The Nifty has successfully closed above the Budget day high after 13 sessions. It reached the sloping channel resistance line. It closed above the 20DMA for the second successive day. With the two days of positive bias, it was flattened from a downtrend. The strong bullish bar on the second day is has boosted the positive sentiments. Interestingly, the Nifty also closed above the 20-week average, which is positive for the trend. The index opened on a negative note and sharply up in the late afternoon. It reached near the 50DMA (18057). The 18034-57 zone will be crucial resistance for tomorrow. The MACD shows increased bullish momentum, and the RSI is near the bullish zone.

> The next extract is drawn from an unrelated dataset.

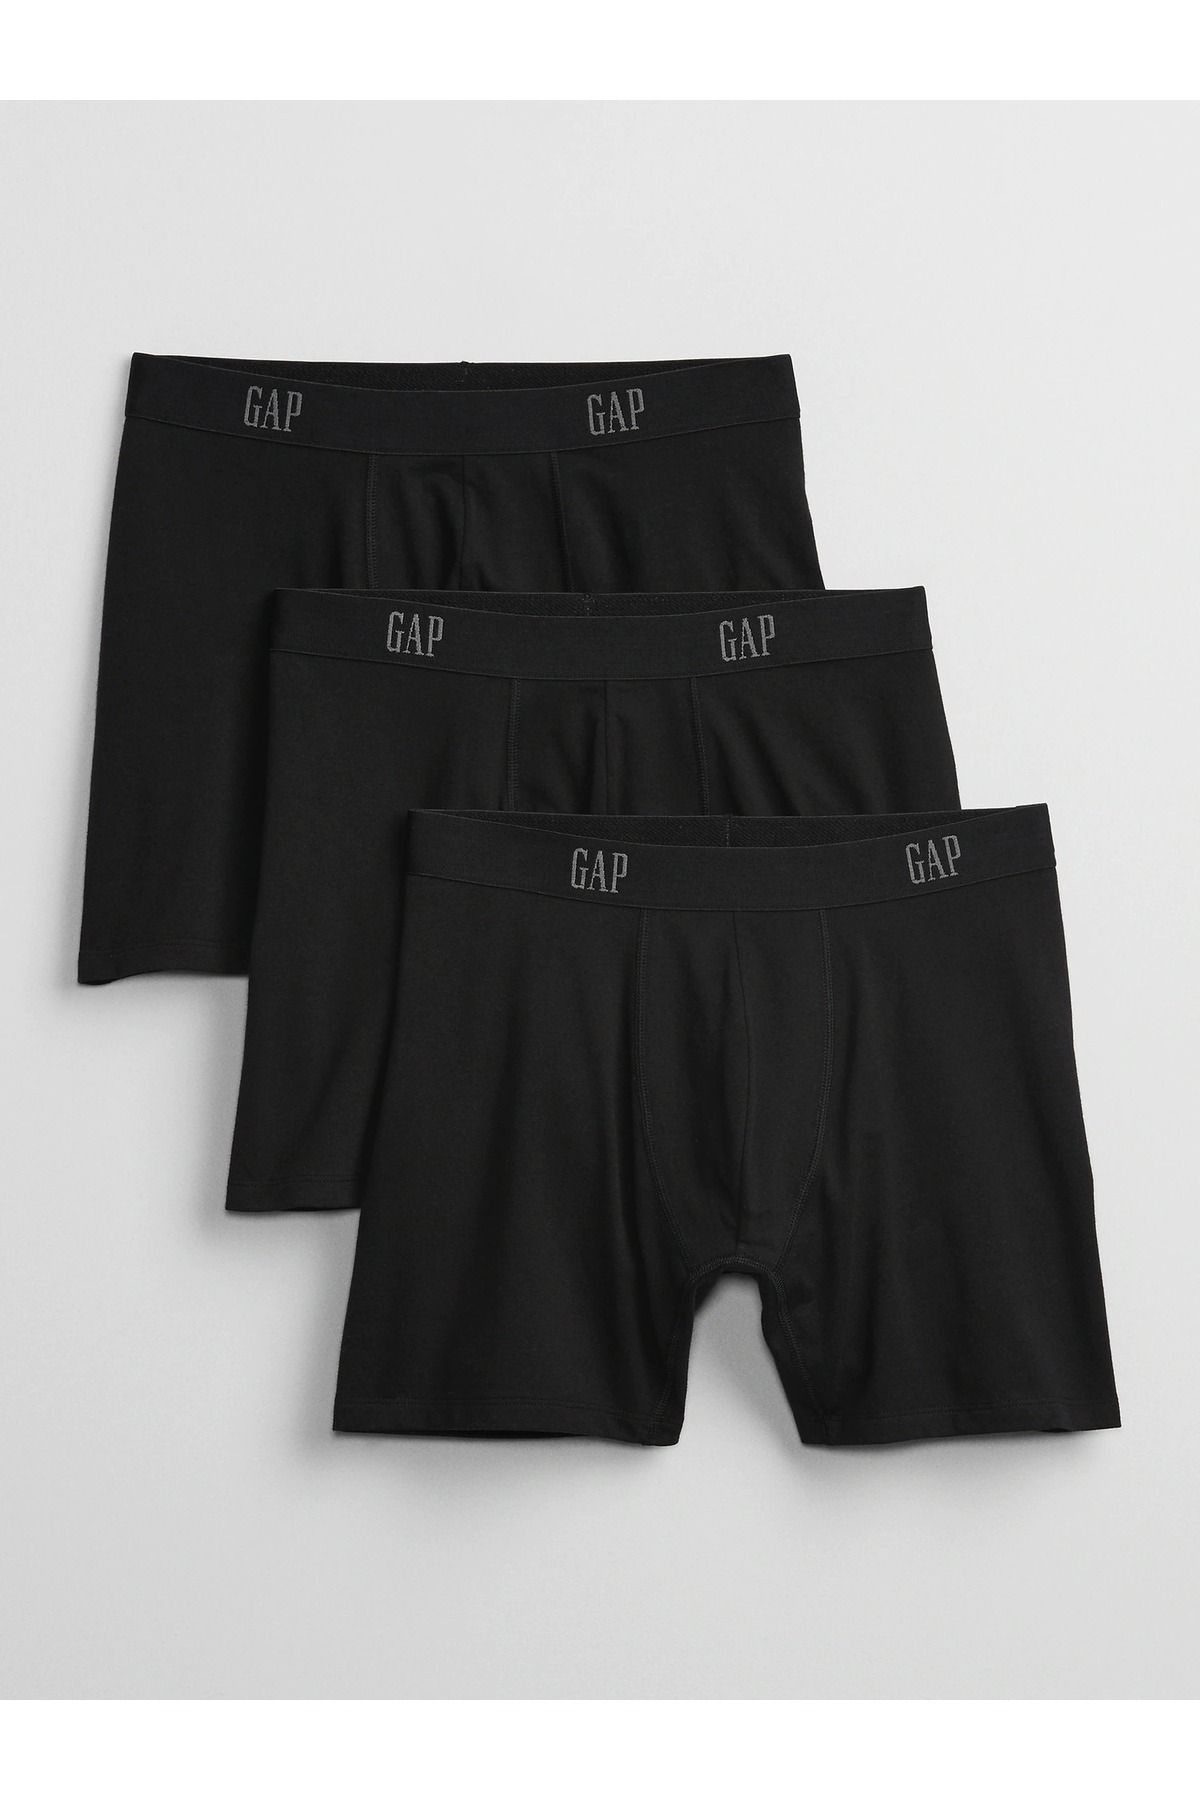 GAP Erkek Siyah Gap Logo 3'lü Boxer Seti
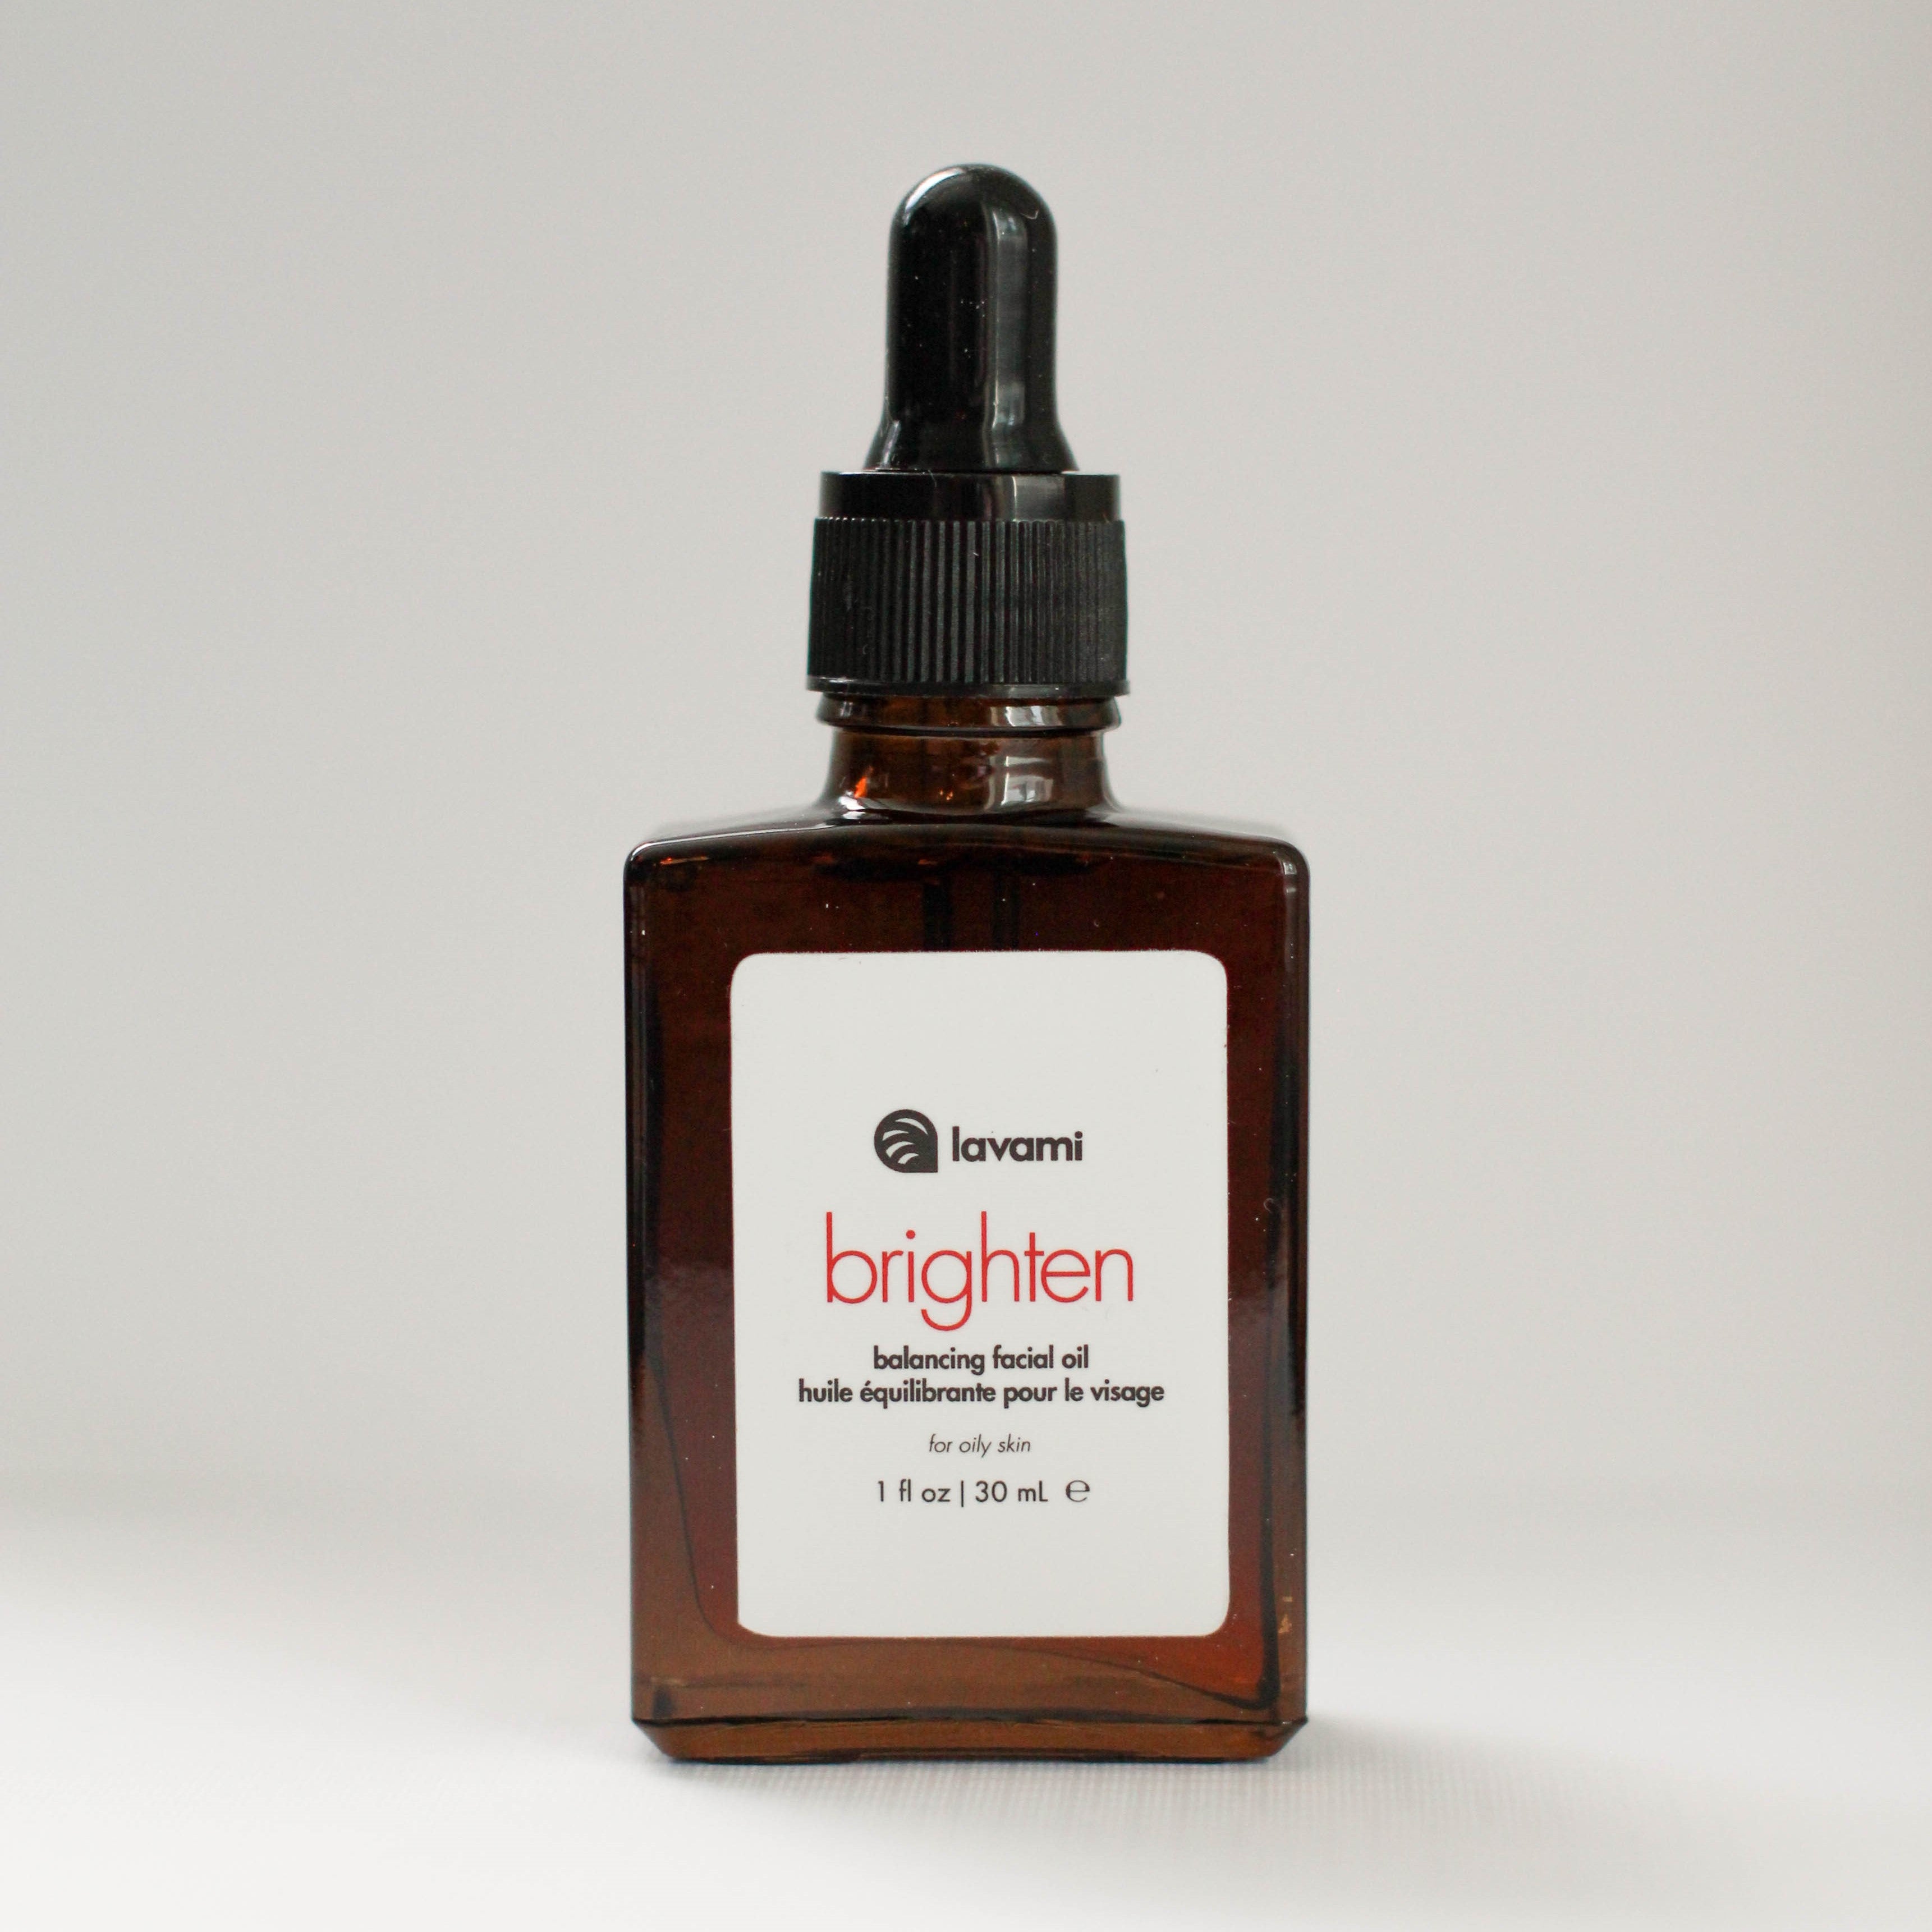 Brighten squalane face oil for oily, acne-prone and combination skin

The concerns are broader market participation in the rally is still lower. More stocks are hitting 52-week lows, and more number stocks are trading in the lower circuit. The VIX further declined by 4.4 per cent to below 13 levels is a big worry now. As the weekly expiry is on the cards, wild and erratic price movement can be seen. Lower Nifty Futures volume is another worry. Open Interest is almost flat. The Nifty PCR increased to 1.26, which is a short-term negative. As the Nifty has registered a breakout of a range, be with a positive bias, and keep in mind the 50DMA resistance. Let us hope the market may test 18265 if it sustains above the 50DMA.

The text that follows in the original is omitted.